What you have to do - What are the lines below, starting at the line containing "Image de Skyrim" and ending at the line containing "Hund mit Knochen"? Write them out exactly, ends included, without pictures.

Supplied information -
------------

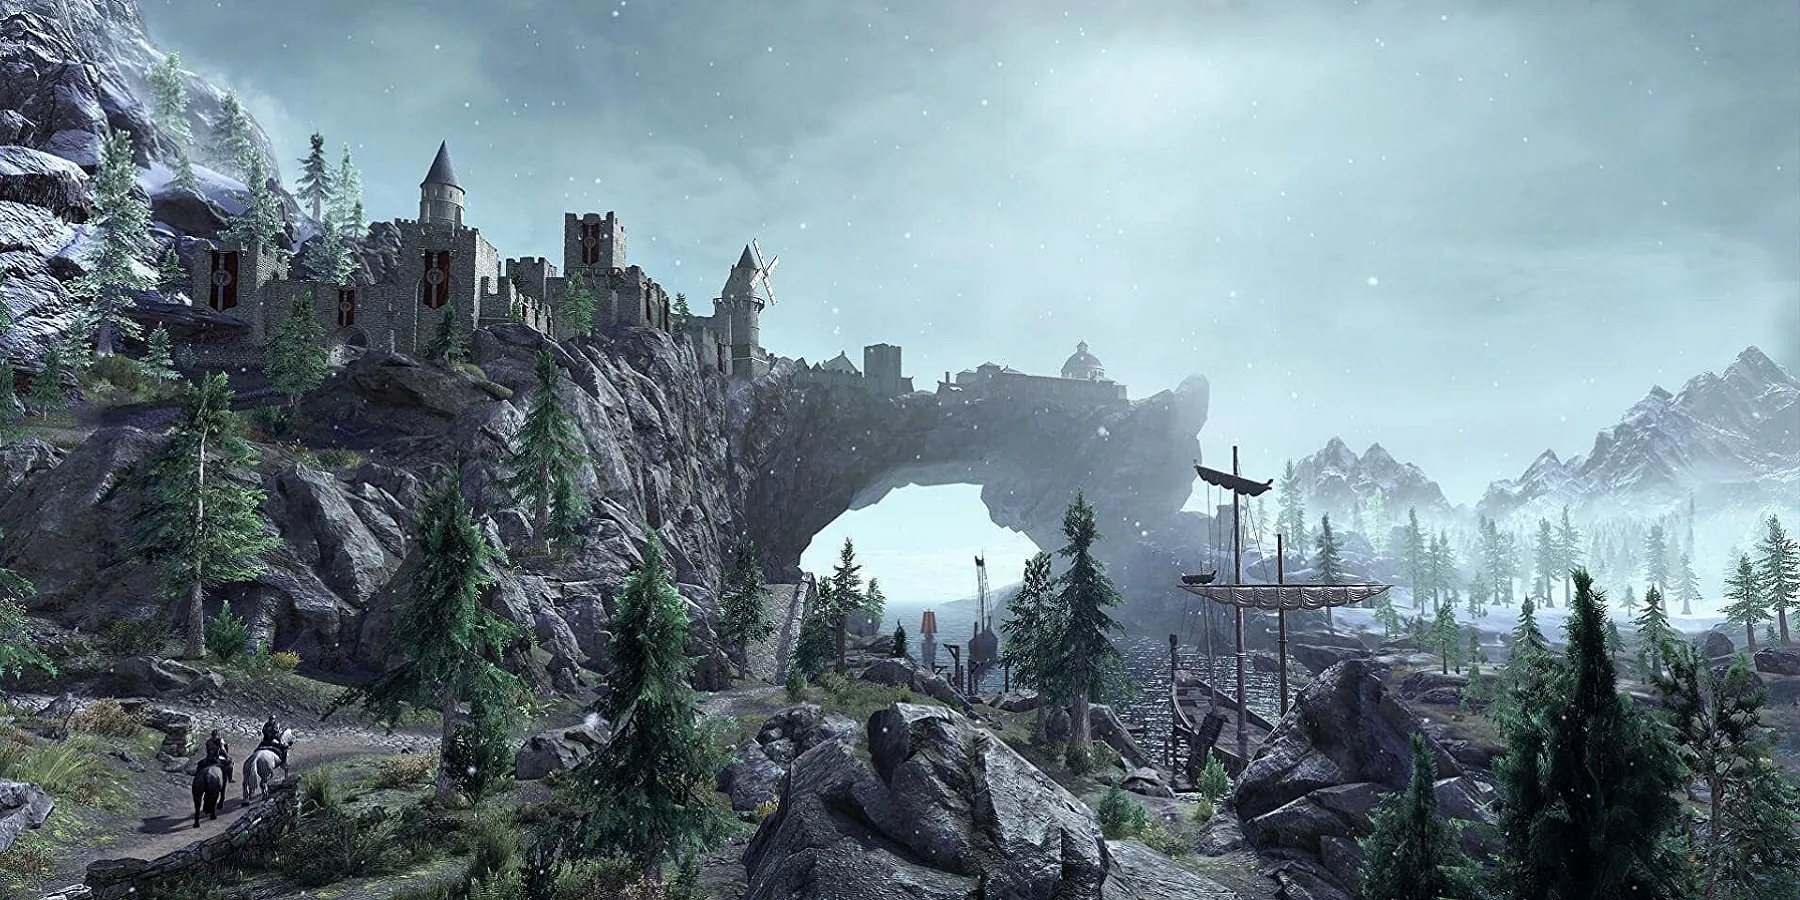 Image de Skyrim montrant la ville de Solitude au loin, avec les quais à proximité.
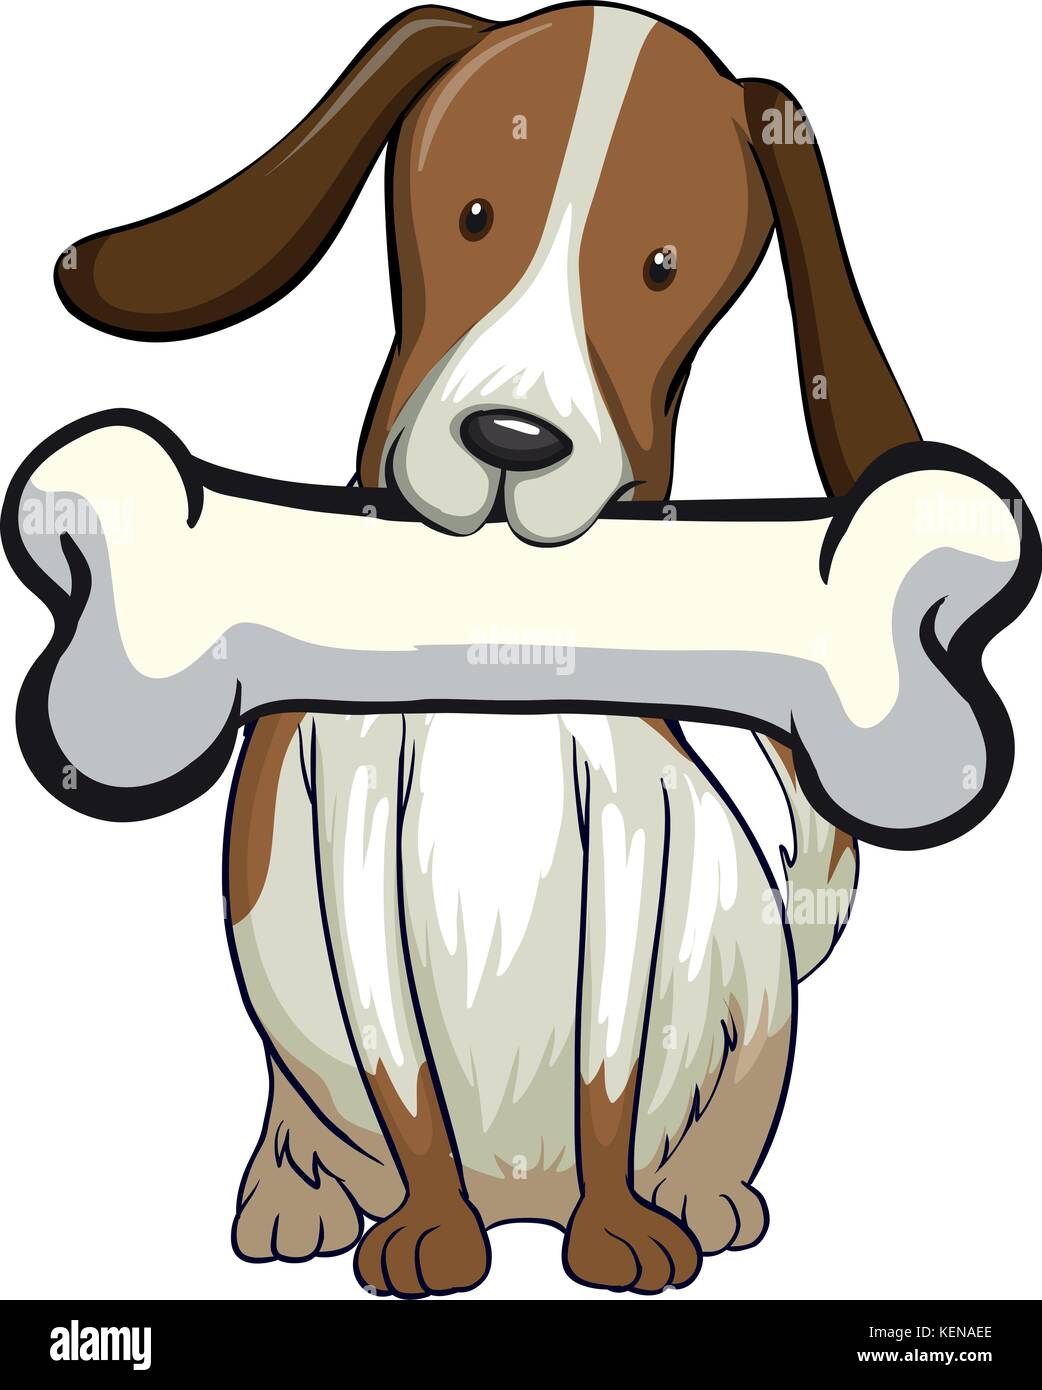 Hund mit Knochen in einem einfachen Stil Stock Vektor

------------

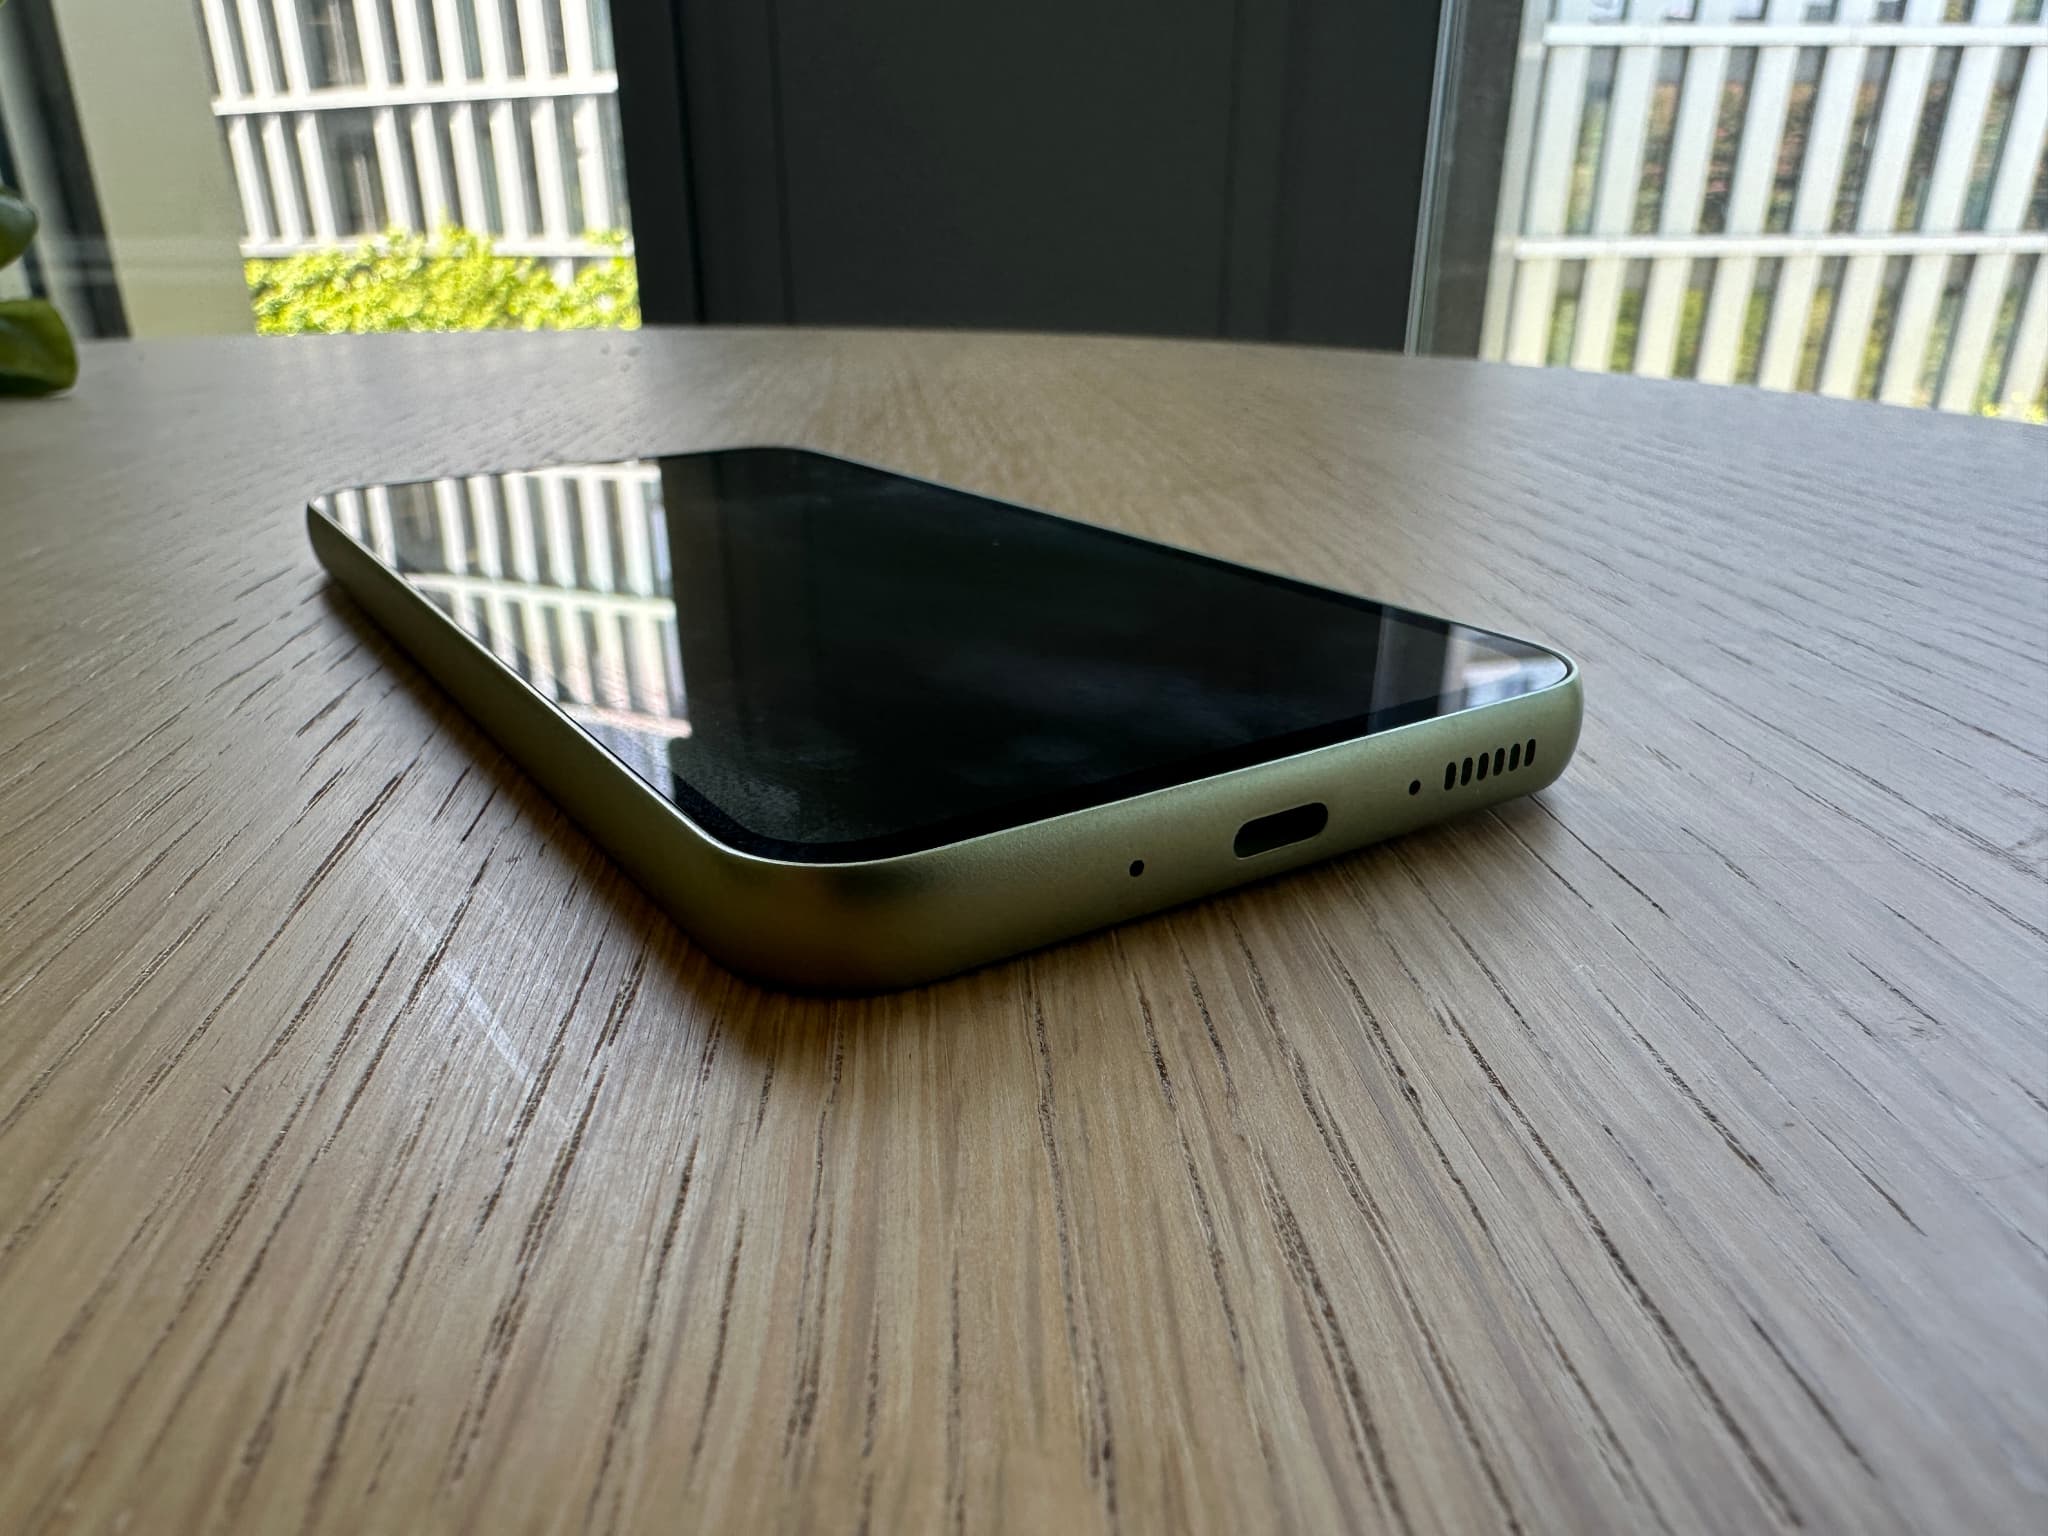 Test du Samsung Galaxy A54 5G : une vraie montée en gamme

------------

Finished task -
 Image de Skyrim montrant la ville de Solitude au loin, avec les quais à proximité.
 Hund mit Knochen in einem einfachen Stil Stock Vektor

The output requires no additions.